In which Kathryn attempts to sing a different song everyday from the Unitarian Universalist hymnal, 'Singing the Living Tradition'. Earlier posts are based on songs from the Reader's Digest songbooks she found at yard sales as a child, including: 'Reader's Digest Treasury of Best Loved Songs', 'Reader's Digest Family Songbook', and 'Reader's Digest Family Songbook of Faith and Joy'. Bonus Folk song material from: 'Folk Song USA', by John and Alan Lomax.

11 January 2006

"Careless Love"

I'm not inspired by this one, though it--like the other songs in this section, typically--includes multiple verses, which is always good. I'm a great believer in singing all the verses.

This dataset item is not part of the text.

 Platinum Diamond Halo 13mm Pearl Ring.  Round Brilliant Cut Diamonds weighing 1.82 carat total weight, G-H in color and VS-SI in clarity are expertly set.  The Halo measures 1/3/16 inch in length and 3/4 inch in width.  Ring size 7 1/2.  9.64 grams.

I'm thinking about life-arcs. We start out as babies who believe that we are the world. It takes decades before we can really grasp in its entirety the reality that we are not the world anymore than anyone else is, and that we all have to share. We spend the center and the bulk of our lives, usually, taking care of others: our children, our partners, our pets, our parents. Significantly, we end up taking care of our parents since they're moving inevitably sooner to the other end of the arc, when again the world becomes centered on us. I suspect that it doesn't matter at this far end if we know that this isn't exactly true, it's more that we don't care, or can't be bothered. I'll try to get back to you on the subtleties from that end when I get there.

If we're lucky, or rich, or really selfish, we have blocks of time somewhere in the middle when we can focus more on our own needs, rather than those of others. And not just the basic needs--food, drink, shelter, love, etc.--but the ones a bit higher on Maslow's hierarchy: creative projects, gaining broader recognition for our efforts, deep thinking about the meaning of life, and what legacy we will leave.

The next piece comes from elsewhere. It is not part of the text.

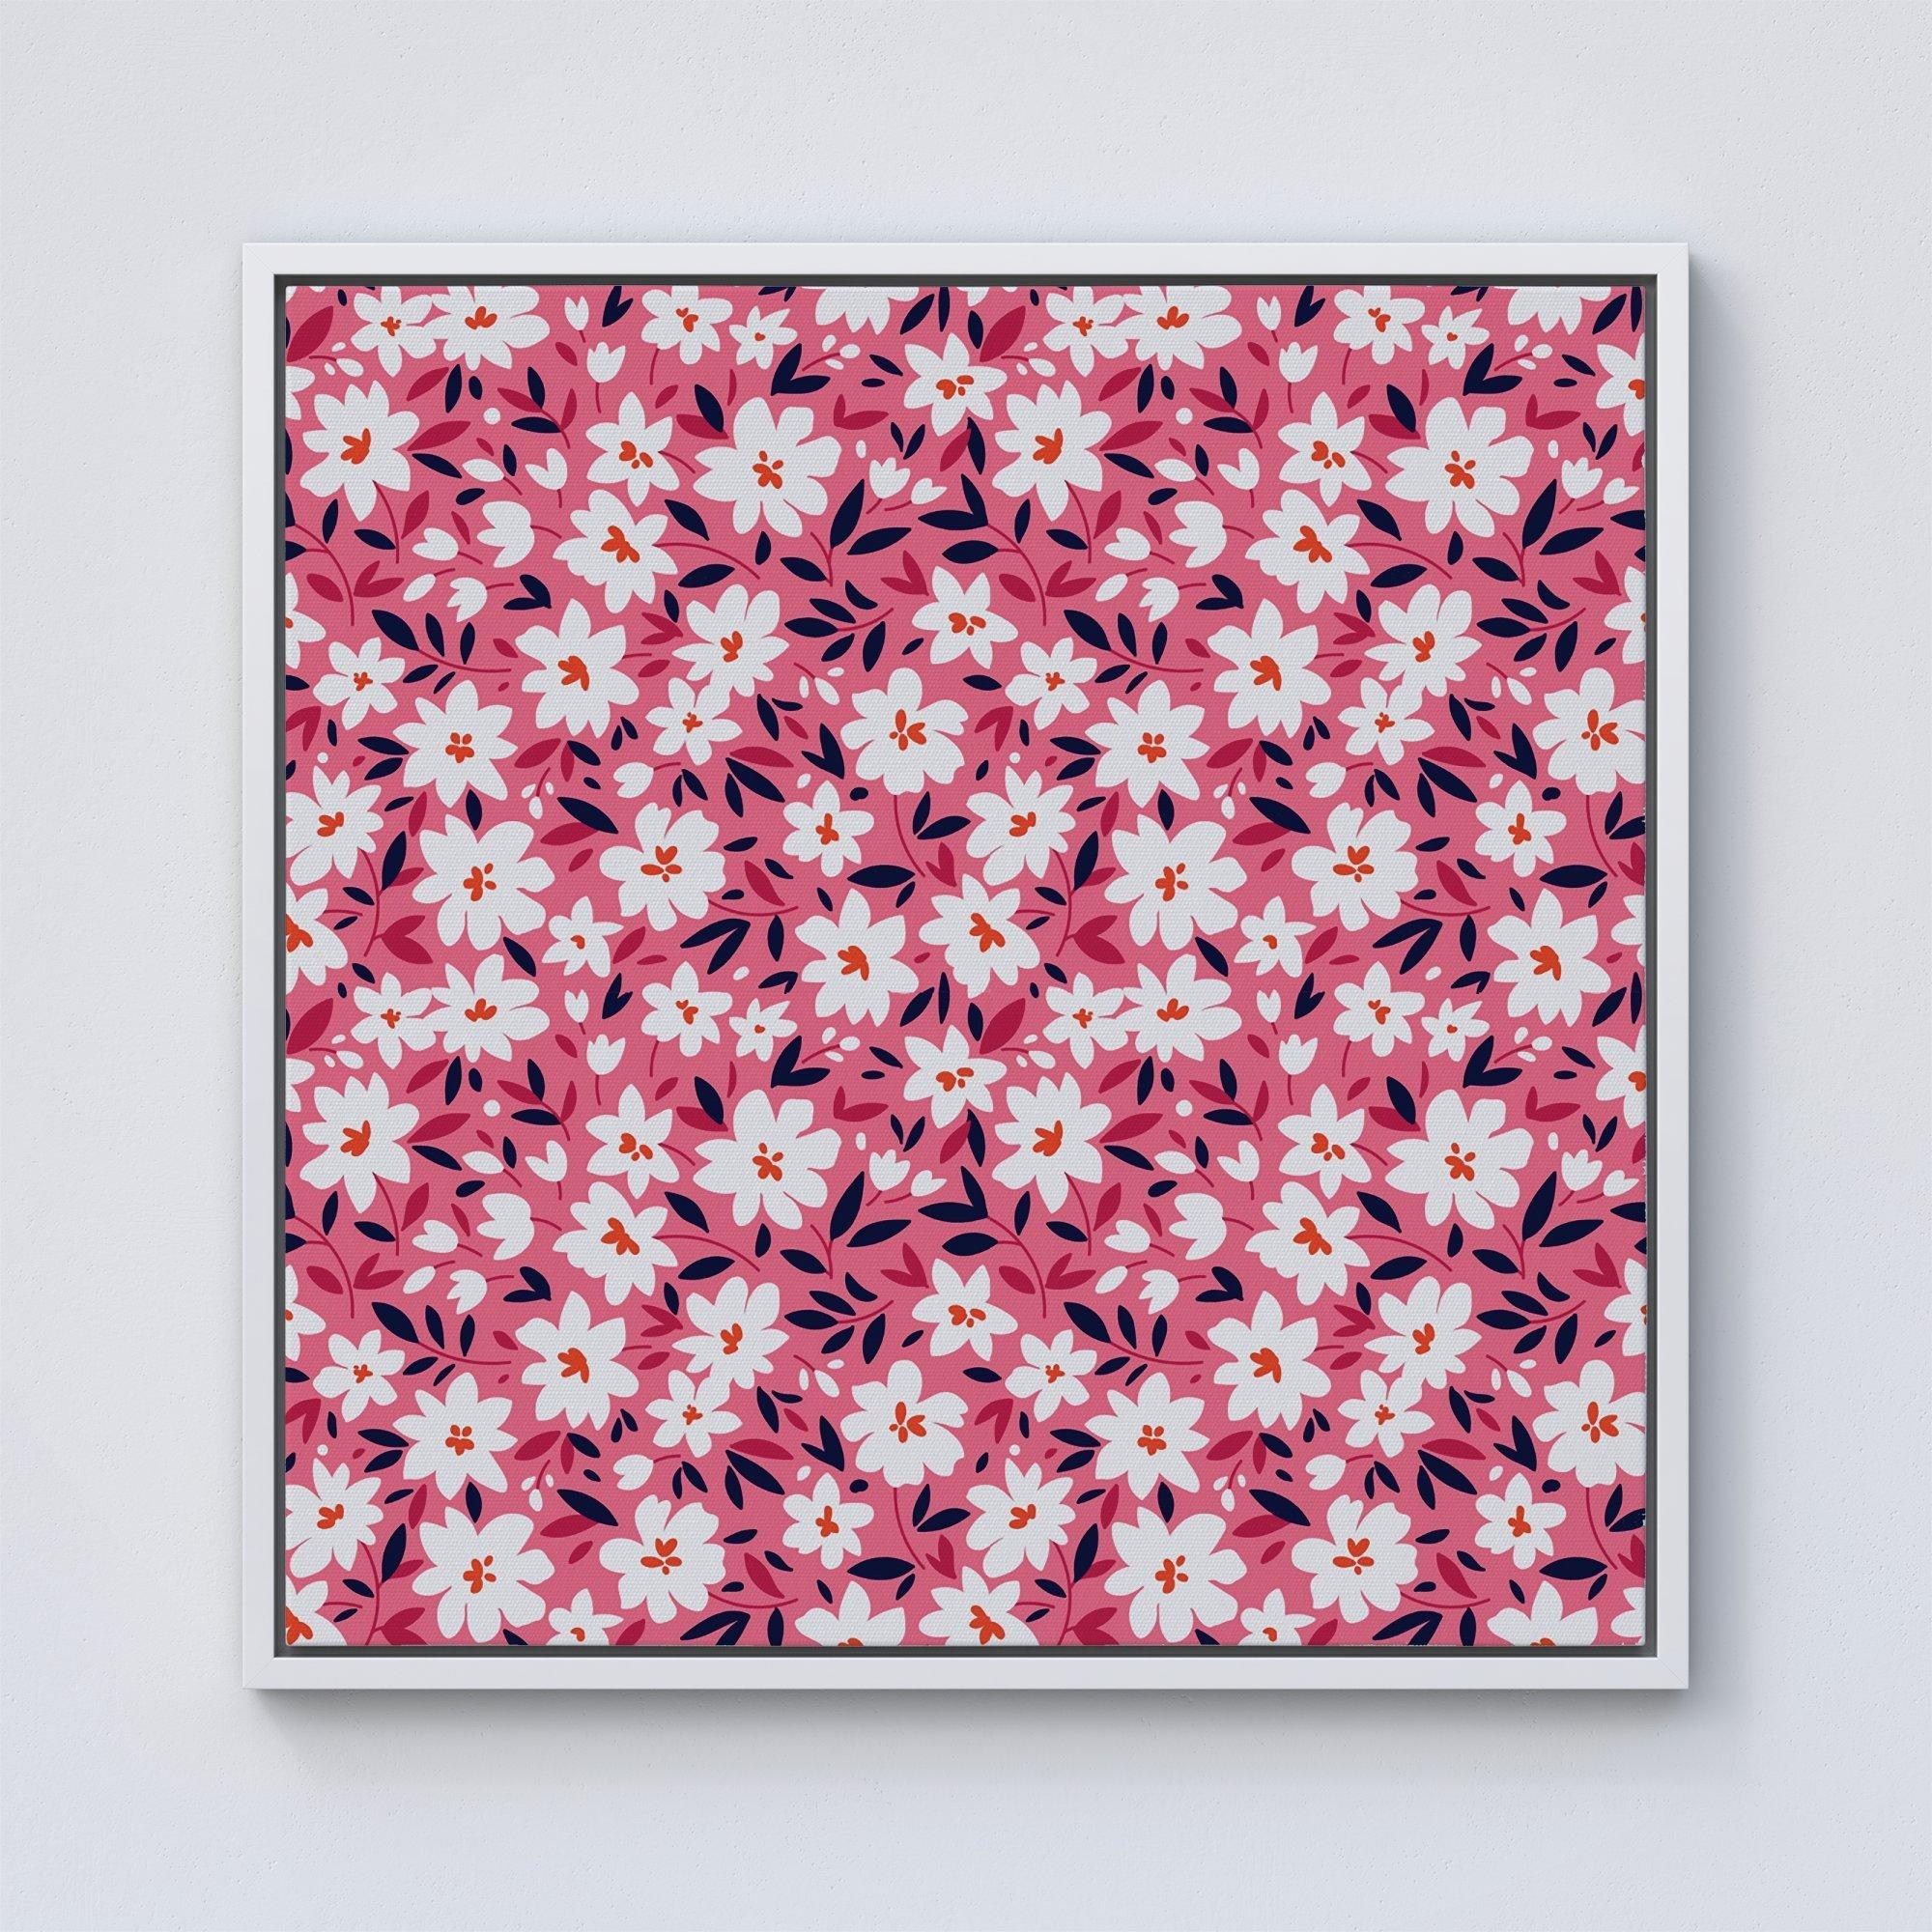 Small Cute White Flower Pattern Framed Canvas

I've always been fascinated with the idea that some cultures, particularly Indian, that I know of, acknowledge that we will pass through various stages in our lives. This implies that it is proper and good to be at different places at different times, and as much as change still frightens me a bit, it is comforting to know that this is somewhat predictable. I think of my daughter: now with her need to spend time getting dirty, exploring the world, challenging her boundaries. At some point she'll be a teenager, raging against all the unfairness in the world, reveling in the high drama of the human condition, developing her own ideals and dreams of what the world should be. And then she'll become something else entirely, over time.

I'm not so sure that I have as clear of a view of either where I am, or should be, or could be right now. Time will give me perspective, I'm sure. But things do change. Things shift, settle, break up or down entirely or partially, re-settle, re-shift, again and again. I can't predict any of it for sure. But I know that things will change.